As you pointed out, the inside of the bearings is smooth and so is the spindle. I guess it's possible that they slip relative to each other, but so what -- the spindle/crank still rotates, the chainring rotates, and power is transferred from the pedals to the crank arms to the chainring to the chain to the rear wheel.

In practice, the friction between the spindle and the inside of the bearing is probably greater than the friction between the inside of the bearing and the outside of the bearing, and therefore the bearing spins. I assume this is the case because the bearing is designed to have low friction, while the spindle inside the bearing is basically like a shaft inside a bushing (a cylindrical hole), which has more friction than a bearing; otherwise we would not use bearings.

  • So if all we want is for the crank spindle to spin with low friction, why is there a plastic tube around it (between the two bearings)? Wouldn't the plastic tube contribute friction if it stays still while the crank spindle spins inside of it? Commented May 12, 2015 at 21:32
  • That plastic is to keep the crank arm off the metal of the bottom bracket. And you don't know that plastic does stay still.
    – paparazzo
    Commented May 12, 2015 at 21:40
  • As he said correctly, the friction between the spindle and the BB is always much superior to the friction on the bearings. The reason why these are plastic, is because this material is neutral. On metal-to-metal contact you always have the big problem of rusting, which in some cases can chemically bond the two pieces making it a huge pain to separate.
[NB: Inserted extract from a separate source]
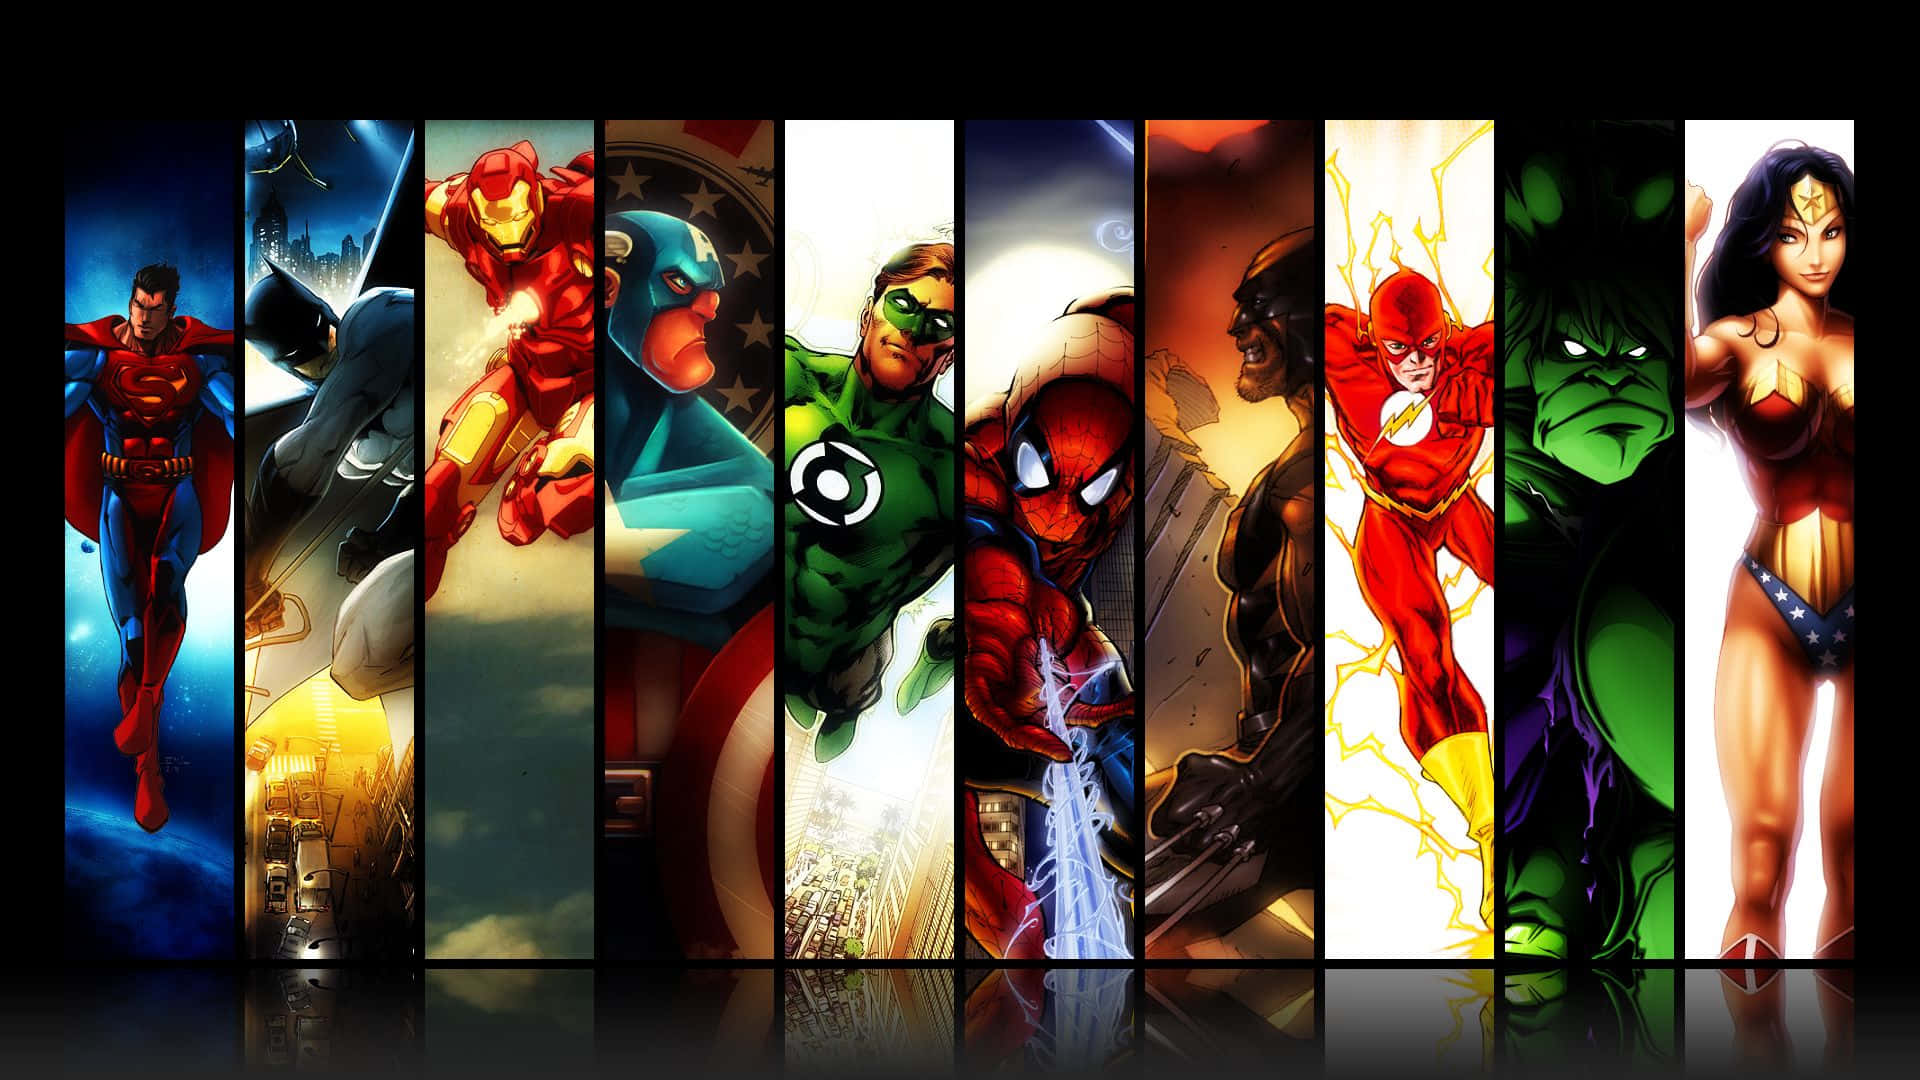 avengers vs justice league wallpaper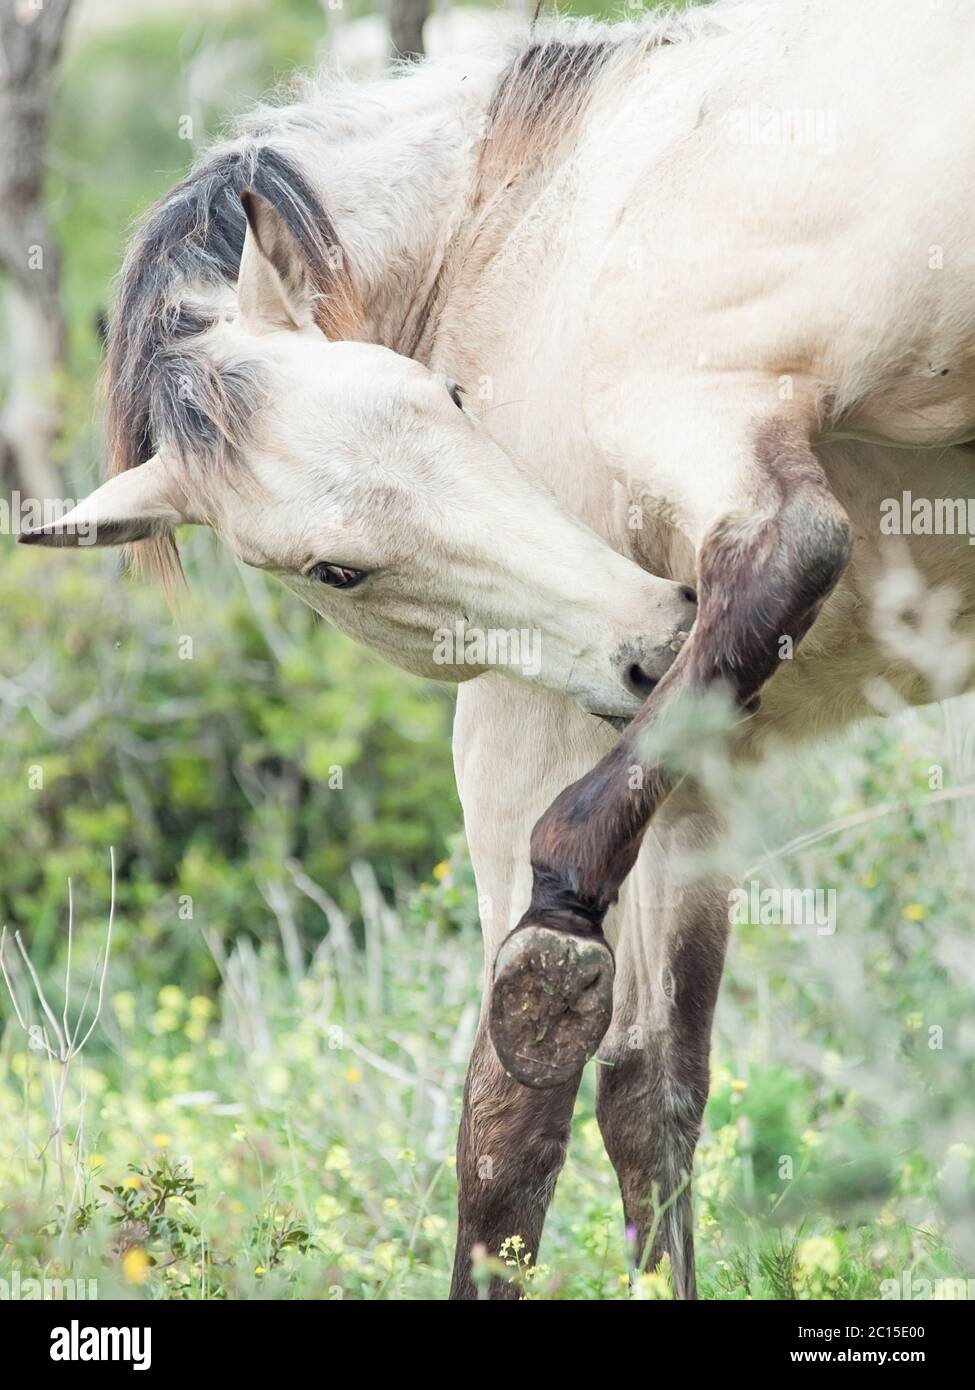 Demi-toilettage jeune cheval sauvage. Israël Banque D'Images

This is why every time you have metal to metal contact ( crank and pedals, BB and frame), you should throw as much grease as you can before attachment, and do this every once in a while (say, every year).
    – super
    Commented May 20, 2015 at 7:05

Power is transferred from you to the pedal, to the crank-arm, to the chain-ring, to the chain, to the rear cog and to the wheel. To do this, the spindle (crank spindle/bottom- bracket spindle) must be held rigidly in place and yet, allow the cranks to turn as friction free as possible. That is the job of the bearings.